Mechanochemically synthesized high alumina cement and their implementation as low cement castables with some micro-fine additives

Abstract

High-energy ball milling viz. mechanochemical process is being utilized to mechanically activate ceramic powders for low temperature solid state reactions. The process can help to select low-cost commercially available oxides and can produce powders with nanometer size granules. On the other hand, high alumina cement provides high service temperature when used as refractory castable. Therefore, the effects of high-energy ball milling and subsequent calcinations on the formation of high alumina cementing phases using mixtures of Al2O3 and CaCO3 were investigated.
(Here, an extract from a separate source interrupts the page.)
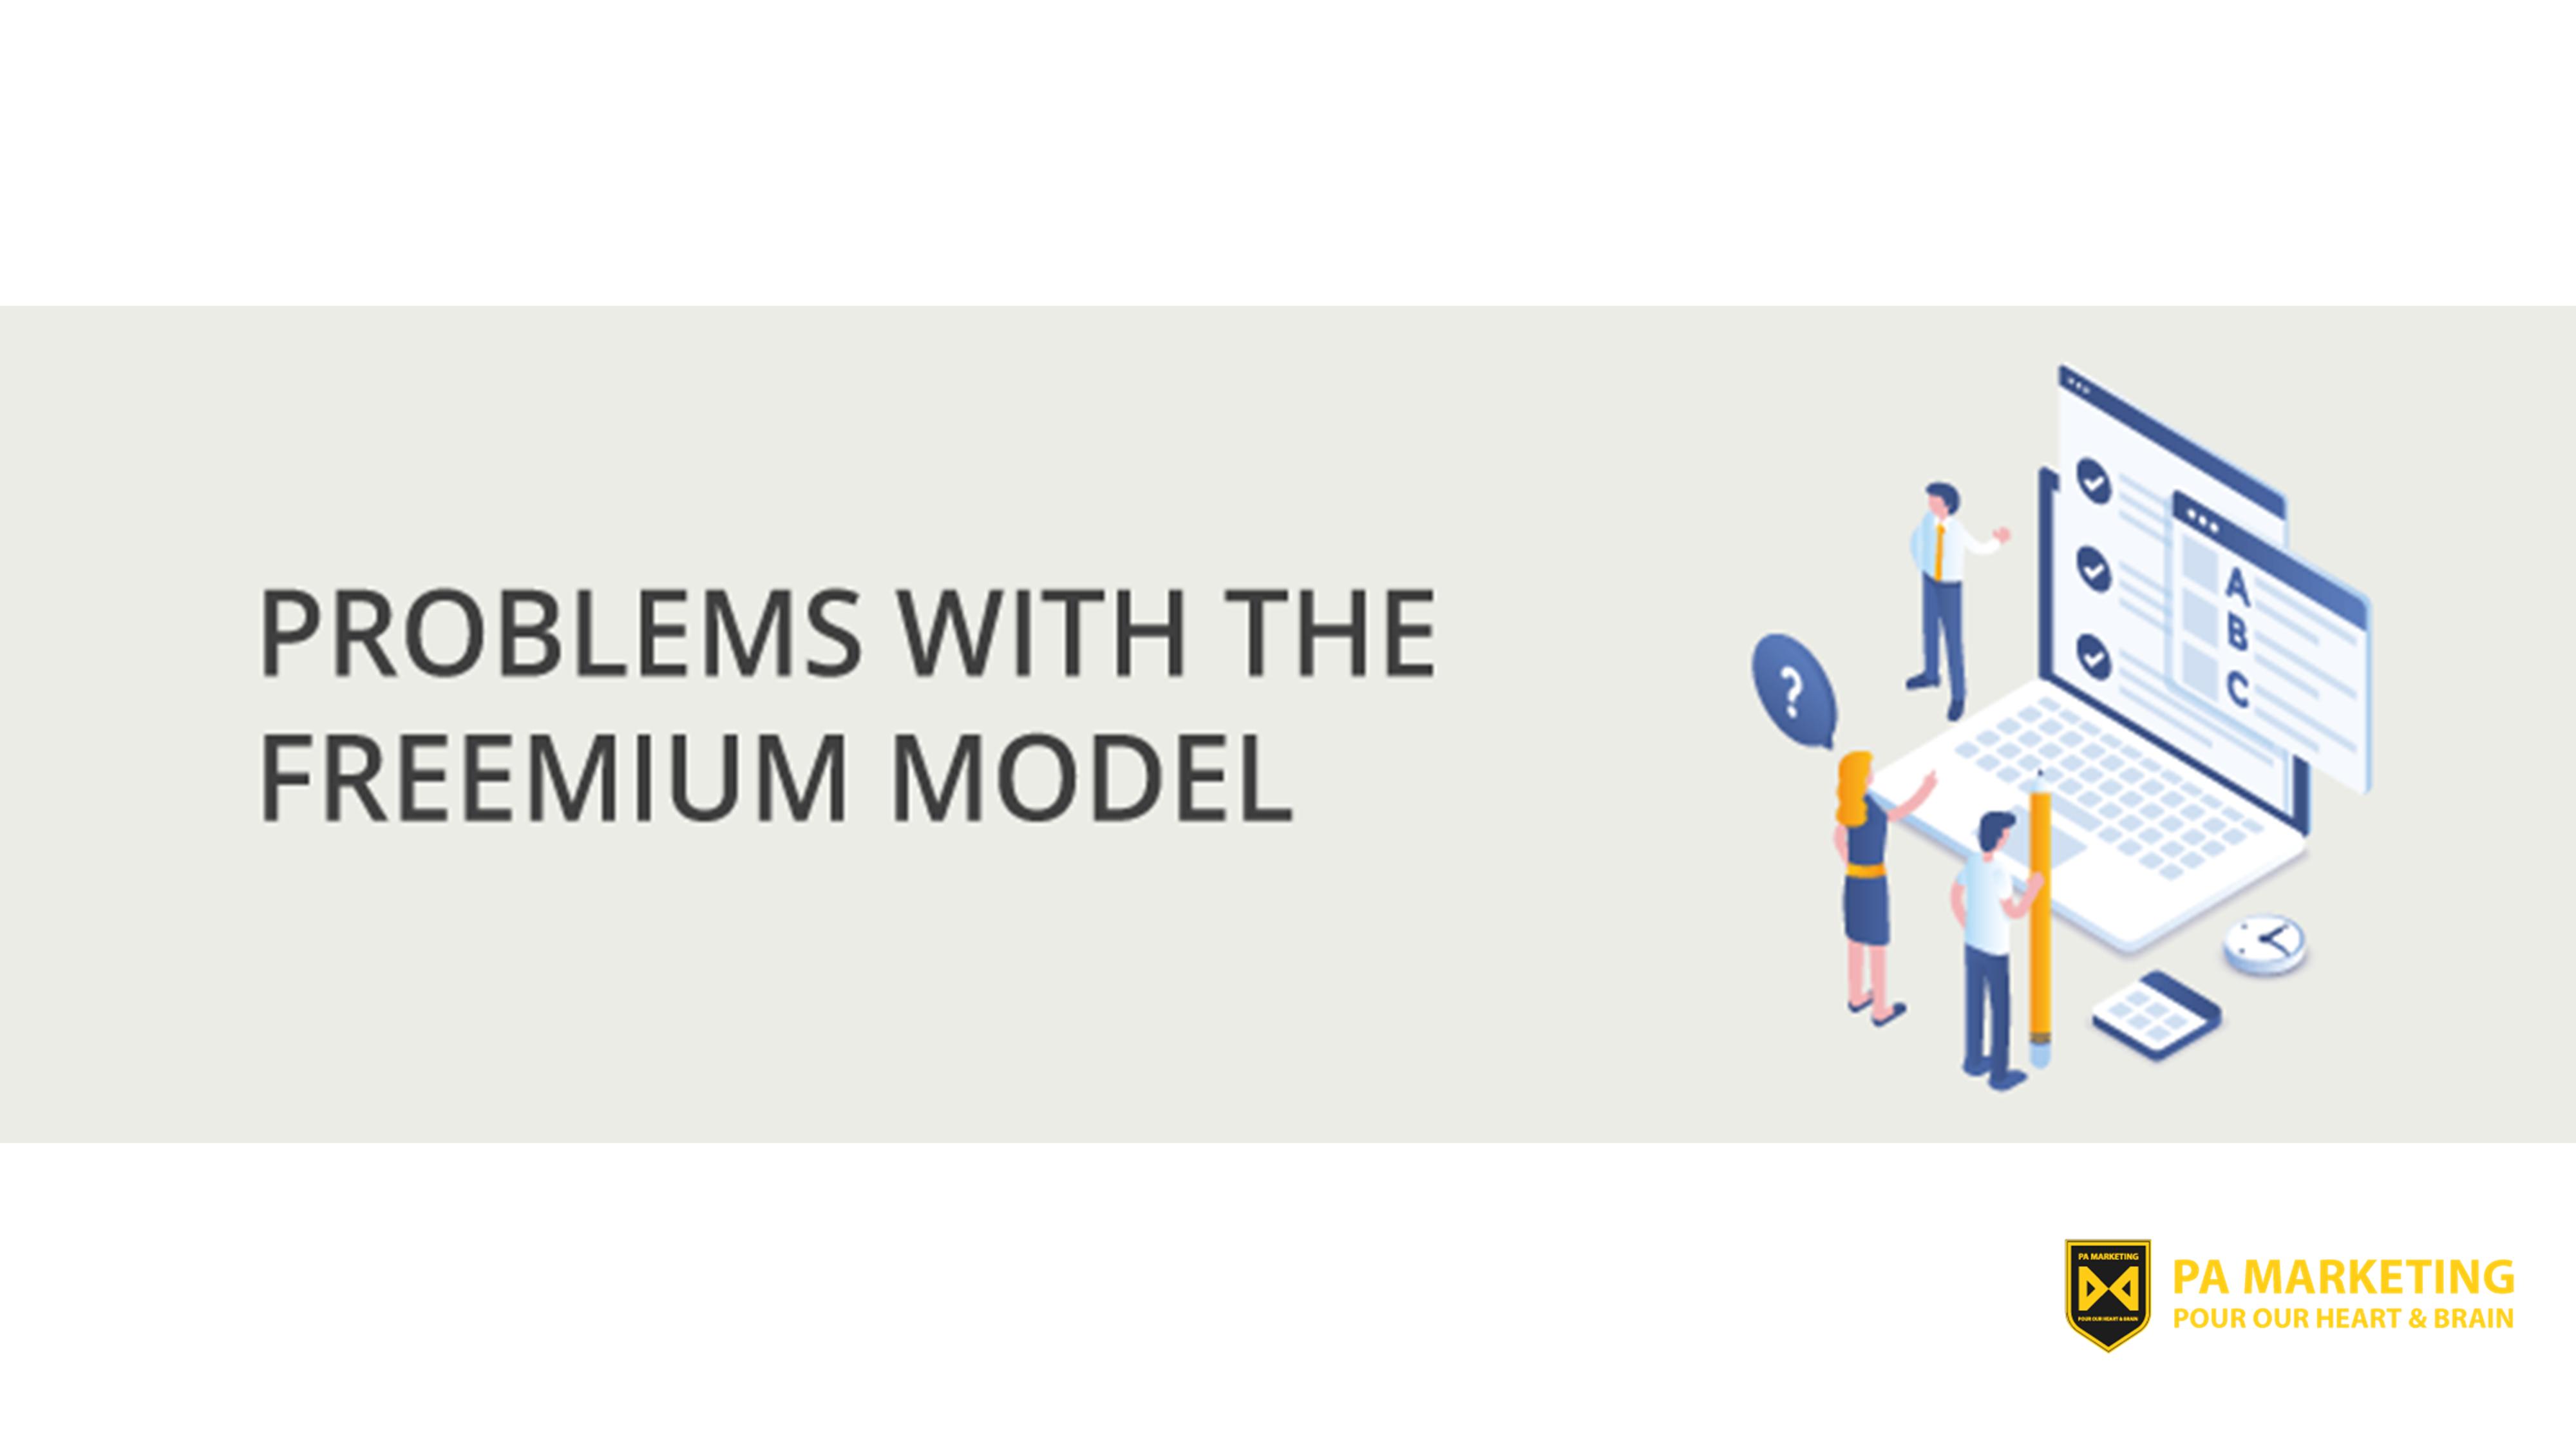 Mô hình kinh doanh freemium so với miễn phí

Nano-meter sized high alumina cement (HAC) powders were synthesized by mechanochemical treatment of Al2O3 and CaCO3 in weight ratios 7:3 and 8:2. This paper compares the calcined high alumina cement obtained by mechanically activated precursor mix for 1, 2 and 3 h. Low cement castables were prepared from calcined Chinese bauxite as aggregate matrix, prepared HAC acting as hydraulic binder and micro-fine additives as pore filling agents. The bonding of high alumina cement as well as sinterability in these castable was studied with ZrO2, α-Al2O3 and SiC as micro-fine additives. Castables formulated by prepared high alumina cement demonstrate remarkably improved bulk density and apparent porosity as when compared with those prepared by commercially available cement. Casting water demand was also reduced, as a result quick setting behavior was observed. The addition of mechanochemically processed cements in refractory castables improved the thermo-mechanical properties to a significant extent.